Living with the God I am in relationship with through Jesus is giving me the opportunity to seize the true freedom to be the person that God created me to be. I am really beginning to realize for the first time in my almost 41 years that it is such an amazing and undeserved blessing that God is ordering me to willingly turn away from this world’s dead-end ways in order to gain and hold on tight to the life Jesus wants for me.

It is because of this knowledge that I hold right now that I am being pursued by a dark soul. I have had hatred spewed on me as of late by people that I care about. I have had situations cross my path that I thought could be good for me but I had to really evaluate and walk away from those situations because I realized they were not from Him. Then, there have been moments recently where I have had to ask HIM for forgiveness once again for something I have done or something that I have thought of doing.

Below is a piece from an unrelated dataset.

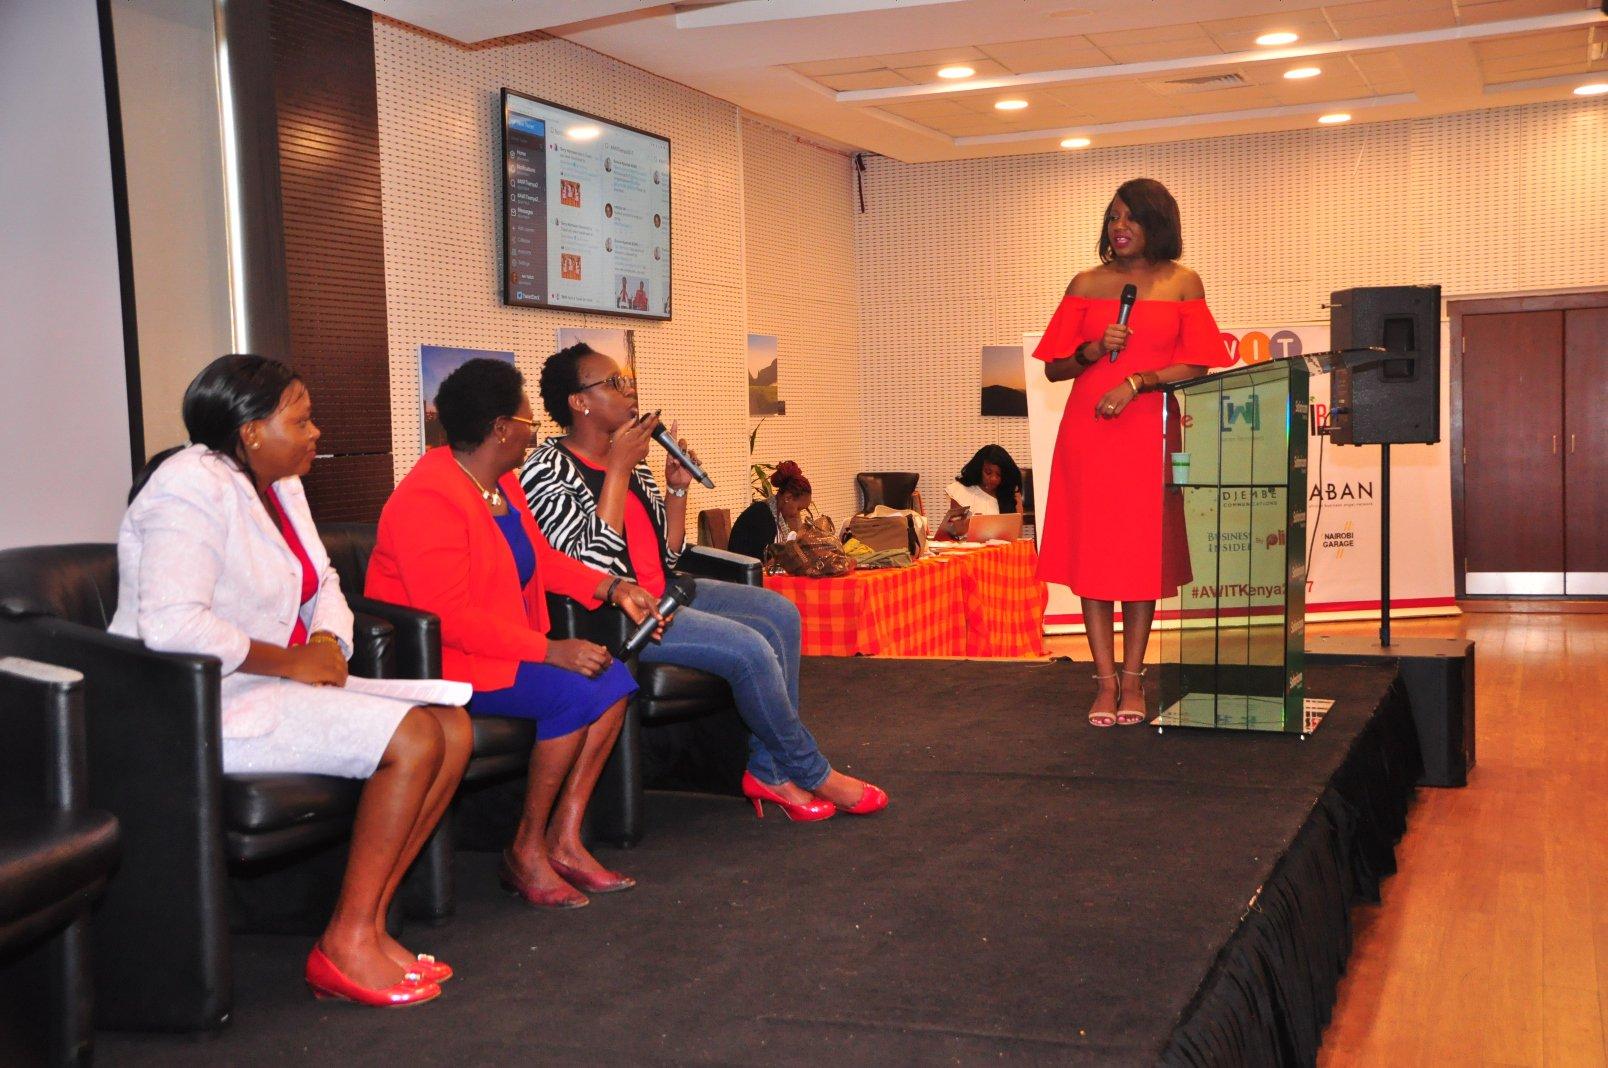 Wisdom never grows old #AWITkenya2017 Conference Happening Now @SafaricomLtd  #WomenInTech #day2  #Africa #Kenya Photo Courtesy: @ianYatich https://t.co/6VeNJrv9YX

Friends, I am here to tell you that the closer you get to God, the more the Devil will try to engage you in a footrace. It is the days that I feel like I am losing the race that I pray the hardest to die…It is this knowledge that gives me the most hope because when you begin to die to self this is what happens….the good you do is spoke of from an evil perspective, your wishes are ignored, the advice you hand out can be ignored, your thoughts and opinions are ridiculed. In those moments I am REFUSING to let anger overtake my heart or to avidly defend myself. Instead, I am PRAYING about patience, endurance and loving silence during those times… and it is in those moments that I DIE!